Ia mengatakan, istilah tersebut belum terdefinisi dengan baik sehingga sering memunculkan bias dan multitafsir. Kondisi ini membuat label UPF kerap digunakan secara berbeda oleh berbagai pihak.
Dalam praktiknya, perbedaan tafsir itu membuat masyarakat menerima informasi yang tidak seragam. Akibatnya, pesan kesehatan yang seharusnya membantu justru menimbulkan kebingungan.
Karena itu, ia menilai pendekatan berbasis label tunggal tidak cukup untuk menilai kualitas pangan. Evaluasi seharusnya dilakukan dengan melihat konteks produk secara lebih utuh.
Produk olahan tak selalu buruk
Prof Purwiyatno mencontohkan, ada banyak pangan olahan yang aman, bergizi, dan memenuhi standar.

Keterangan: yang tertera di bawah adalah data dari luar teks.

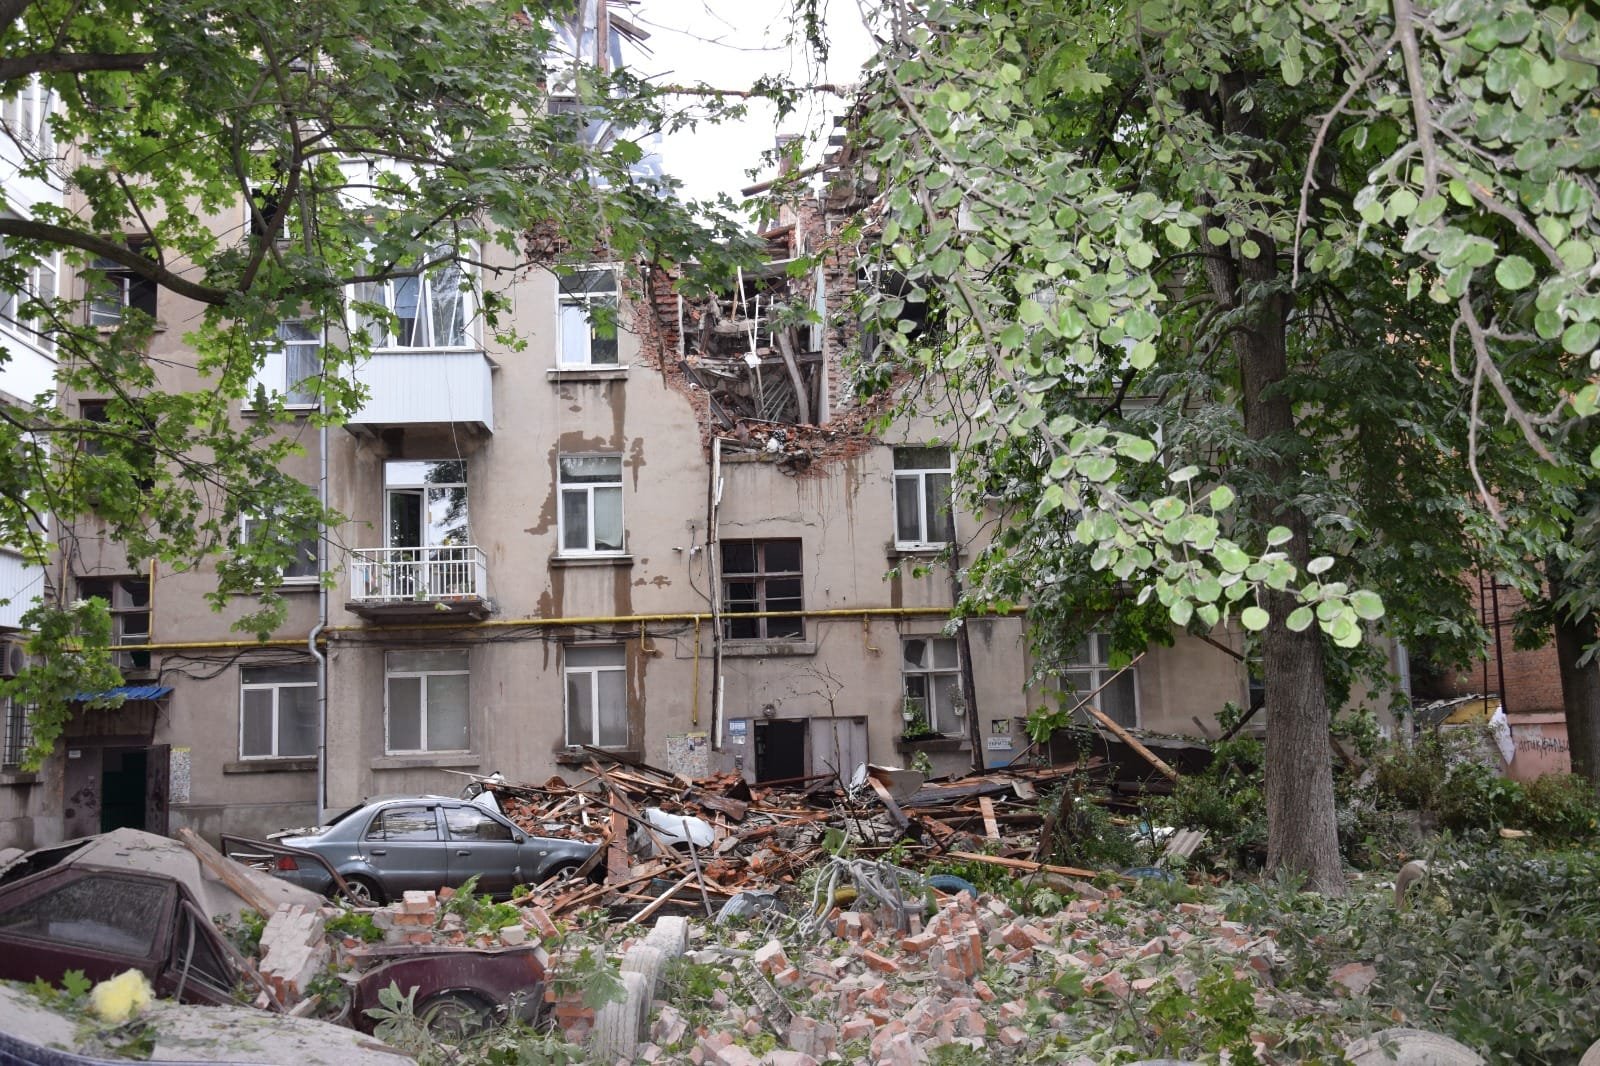 An administrative building and 2 multi-apartment residential buildings were damaged as a result of Shahed 136 drone attacks over Sumy, Ukraine, on July 3.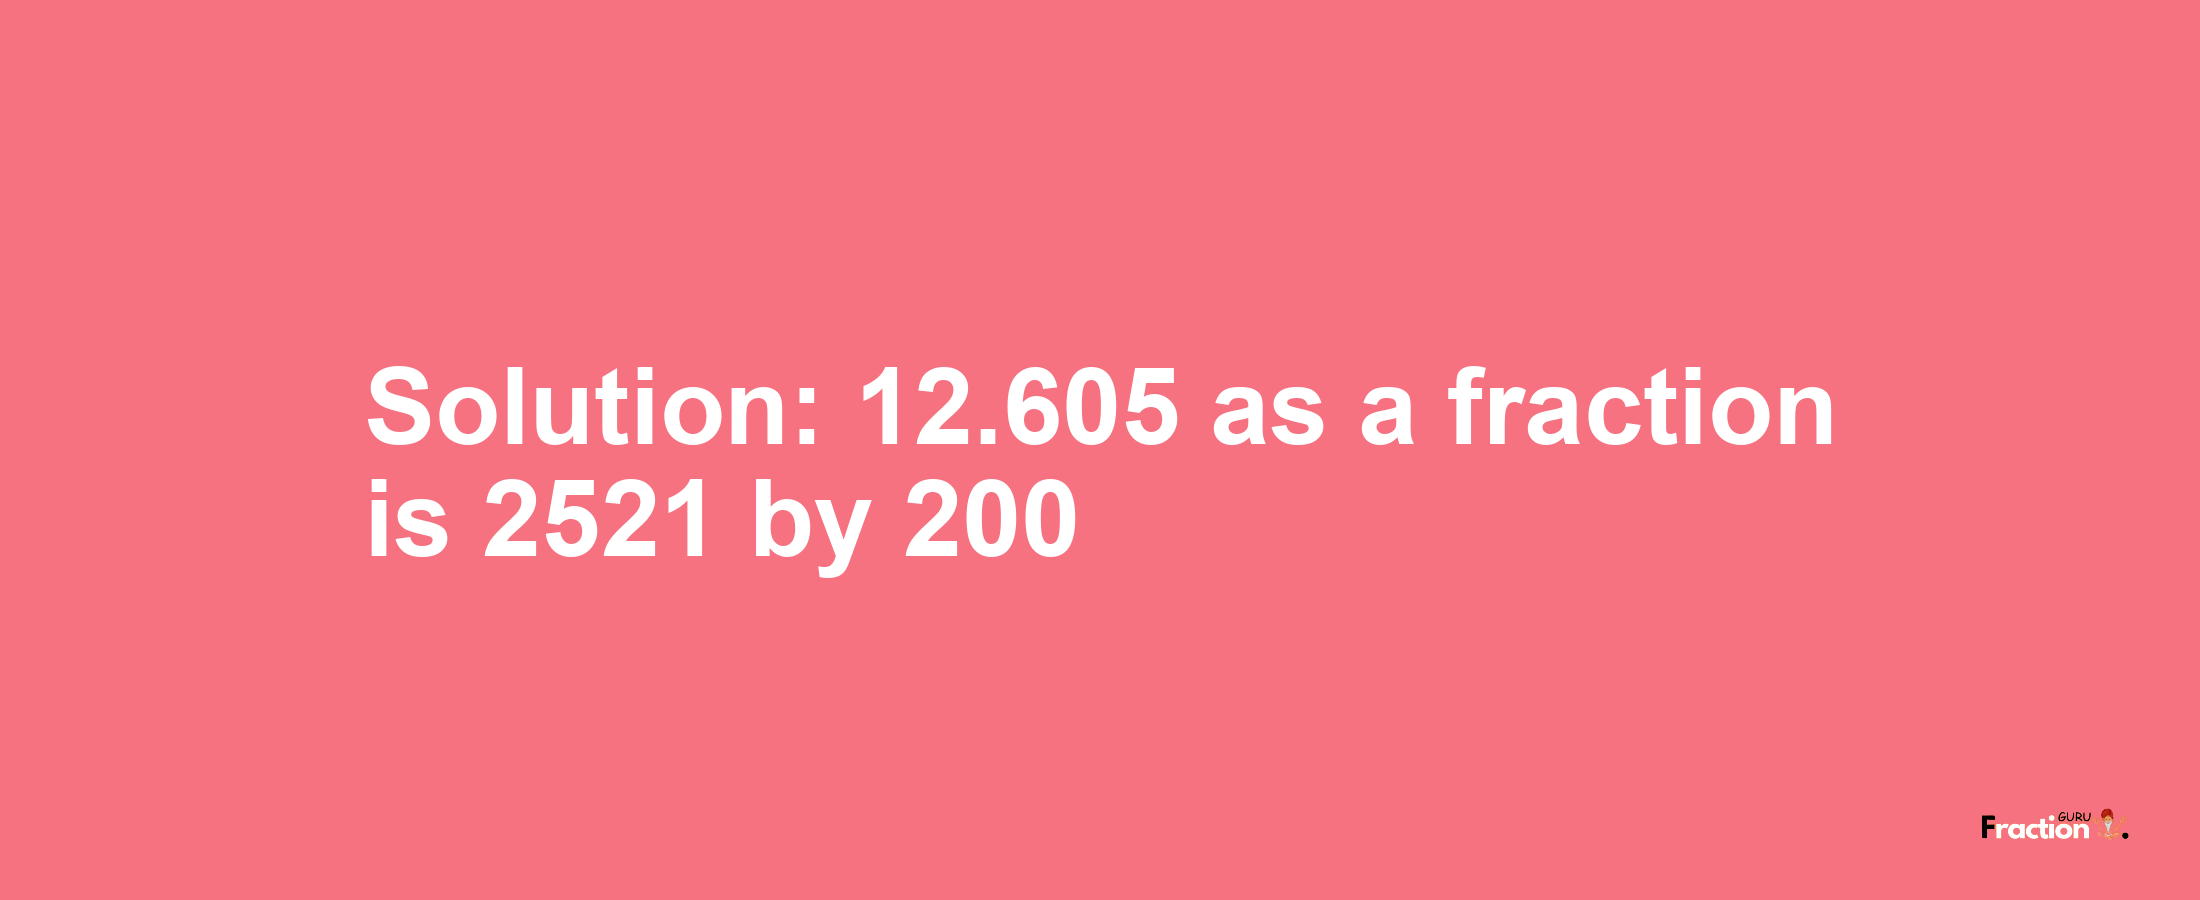 Solution:12.605 as a fraction is 2521/200

Namun, produk-produk tersebut ikut terseret stigma negatif hanya karena masuk kategori UPF.
Ia menyebut susu UHT, pangan fortifikasi, serta sejumlah produk olahan lokal produksi IMK atau UMKM sebagai contoh. Produk seperti itu tetap bisa memberi kontribusi positif terhadap asupan gizi masyarakat.
Menurutnya, publik sering kali mengabaikan fakta bahwa proses pengolahan juga dapat memberi manfaat. Misalnya, pengolahan bisa membantu ketahanan pangan, keamanan produk, dan kemudahan konsumsi.
Karena itu, ia meminta masyarakat tidak buru-buru menilai makanan olahan sebagai musuh kesehatan. Penilaian yang tepat harus mempertimbangkan mutu produk secara menyeluruh.
Cara menilai pangan dengan tepat
Prof Purwiyatno menegaskan bahwa penilaian pangan sebaiknya tidak hanya didasarkan pada tingkat pengolahannya. Kandungan gizi, keamanan pangan, ukuran porsi, dan frekuensi konsumsi juga harus diperhitungkan.
Ia menyarankan masyarakat membaca informasi gizi dengan lebih cermat sebelum mengambil kesimpulan. Langkah itu penting agar konsumen tidak terjebak pada stigma yang belum tentu sesuai dengan kondisi produk.
Dalam kehidupan sehari-hari, pola makan yang seimbang tetap menjadi kunci utama. Tidak ada satu kategori pangan yang bisa dinilai baik atau buruk secara mutlak tanpa melihat konteks penggunaannya.
Karena itu, edukasi publik soal pangan olahan perlu disampaikan secara lebih proporsional. Dengan pemahaman yang tepat, masyarakat dapat memilih makanan berdasarkan fakta, bukan sekadar label.